Internal data compiled by the Commonwealth Bank on credit and debit card spending has shown that consumer spending has dropped by 9 percent so far in the September quarter. The bank is forecasting “a big contraction” of around 4.5 percent for the three-month period.

But, as economic distress worsens, the federal government is moving to cut relief spending, as it pushes for the economy to open up, regardless of the level of COVID-19 cases.

Frydenberg said that once the vaccination targets of 70 and 80 percent of the adult population were reached, there should be “no expectation that the scale of our economic support would need to continue in the same way it is today.”

Some restrictions may remain before those levels were reached and that would need to be “factored” into government decision-making. But large programs would not be required. “That economic support can’t continue,” he said.

The existing levels of support are already inadequate. The number of people receiving the JobSeeker unemployment benefit has increased by 36 percent, compared with pre-pandemic levels. While some people are getting the $750 disaster payment, others are being forced to try and survive on $315 a week.

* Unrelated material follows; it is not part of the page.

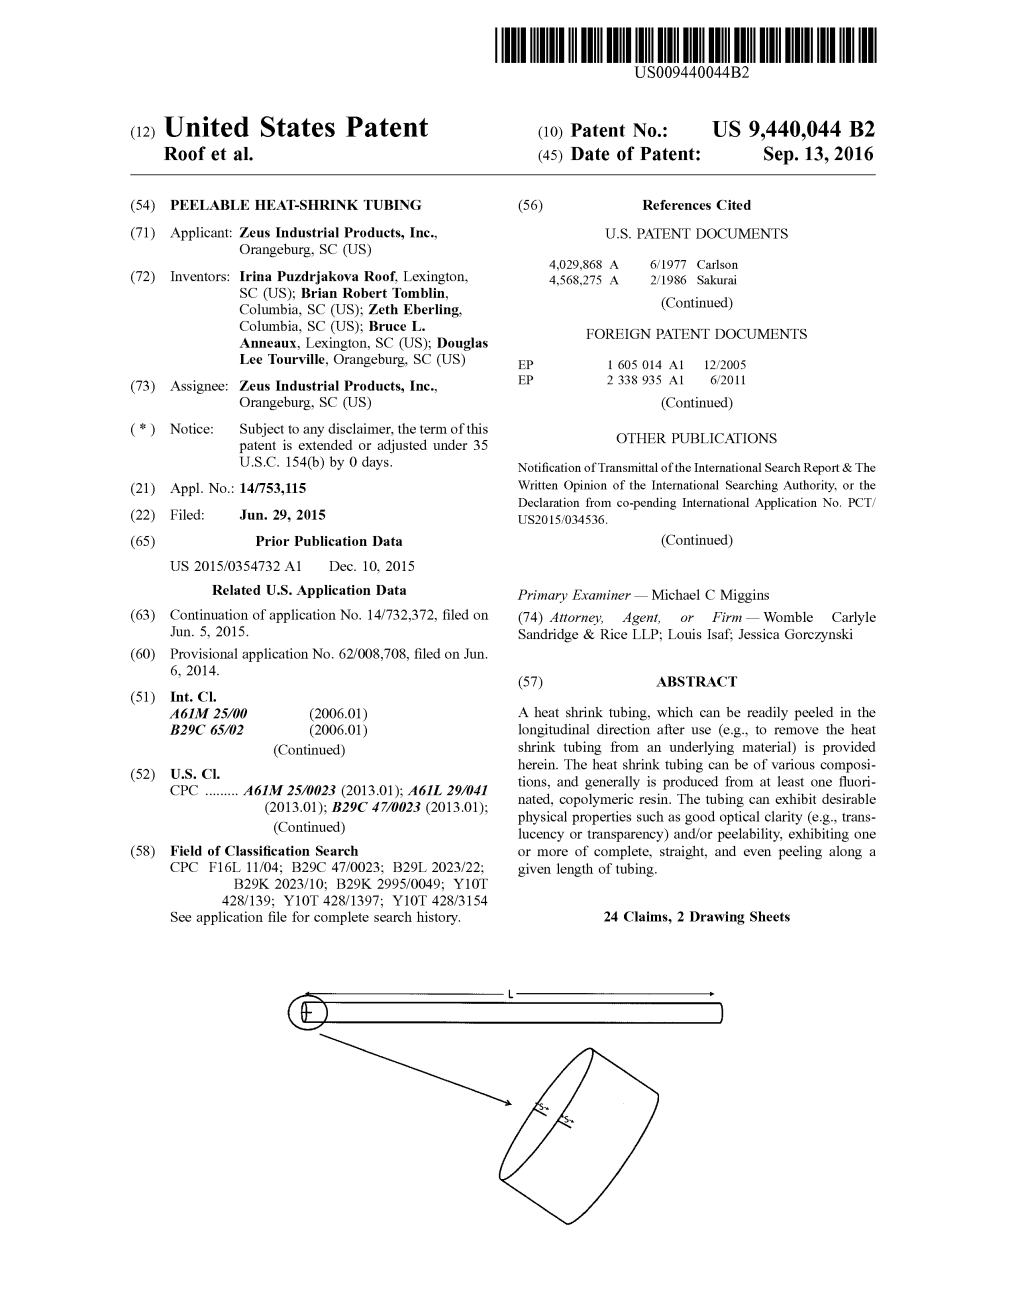 (12) United States Patent (10) Patent No.: US 9,440,044 B2 Roof Et Al

As Frydenberg was claiming that the latest growth data showed the “resilience” of the Australian economy, Foodbank Australia, the leading provider of food and groceries to charities, has reported that it is handing out as many hampers in one day as it would normally do in a week. The organisation’s chief executive, Brianna Casey, said the demand was “mind-blowing.”

“In NSW, we are receiving thousands of inquiries. We have actually seen a growth in food relief of 200 percent in the last nine weeks. Last week in both NSW and the ACT, we had the biggest distribution week on record,” she said.

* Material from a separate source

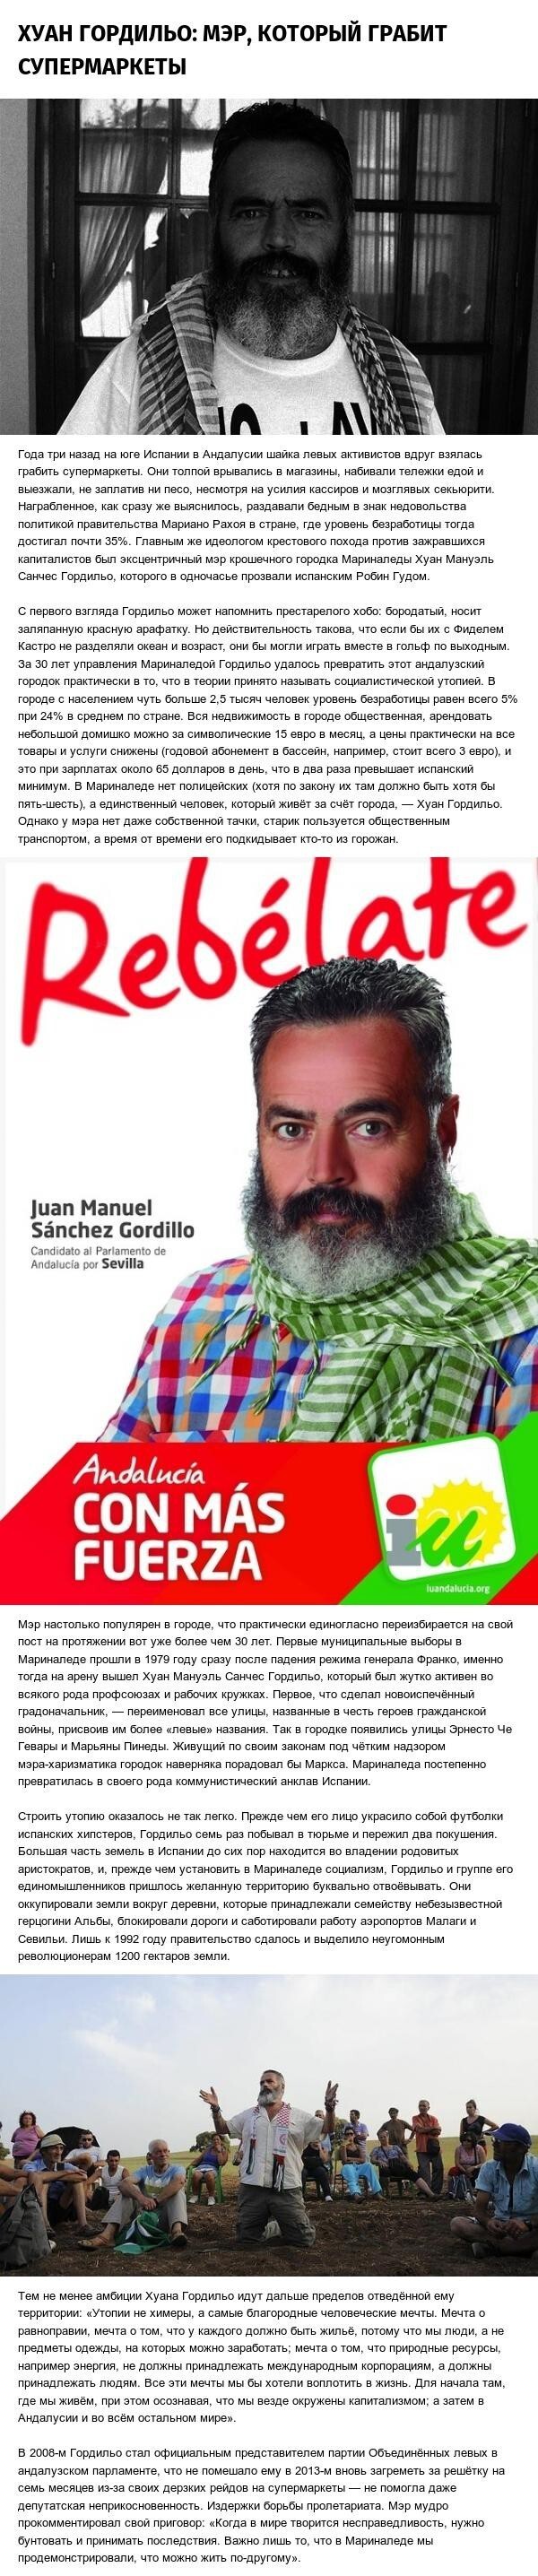 Хуан Гордильо: Мэр, который грабит супермаркеты

Research by the Australian Council of Social Services shows that because of the restrictions imposed on the very limited assistance provided by the federal government, almost 90 percent of those on the lowest incomes in lockdown are not receiving the disaster payment.

It is a very different story at the financial heights of the economy—the constituency for which Frydenberg speaks with his talk of “resilience.”

Oxfam has estimated that, in the 18 months of the pandemic, Australia’s 31 billionaires have seen their fortunes increase by nearly $85 billion.

The most egregious expression of this process is the iron ore magnate, Andrew Forrest, who has raked in around $857 million a year for the past 10 years—a rate of wealth accumulation of $2.35 million a day.

At the same time, a veritable looting operation of public funds has been carried out by some of the country’s largest companies. According to the Australian Broadcasting Corporation’s “7.30” program, tens of thousands of companies benefited to the tune of $6 billion from the federal government’s JobKeeper wage subsidy. One in six companies that received the payment suffered no fall in turnover, while others, that doubled and even tripled their turnover, received hundreds of millions of dollars.

This was not a case of a few “rogue” operators, but was built into the very foundations of the system, which was designed by the Morrison government in the closest collaboration with the trade union peak body, the ACTU, at the start of the pandemic.

The poster boy of this process has been Gerry Harvey, the billionaire head of the retail giant Harvey Norman. This week he belatedly repaid $6 million of JobKeeper, given to his head office, but is keeping another $15 million. The company received the money even as Harvey reported at the start of the pandemic that panic buying was “an opportunity,” and the company’s sales were up by 9 percent.

Harvey Norman was able to receive this money all within the law. Government authorities, which ruthlessly pursue overpayments to those on Centrelink, while delaying or denying support for tens of thousands every week, have not recovered one cent of the company’s JobKeeper bonus.

Together with the response to the latest national accounts data, this episode is another timely reminder of the real state of economic relations. It underscores that when capitalist politicians and their media mouthpieces speak of the “economy” they are not referring to the millions of workers whose labour is the source of all wealth, but to the operation of a socio-economic machine that ensures that this wealth is siphoned up to the highest layers of society.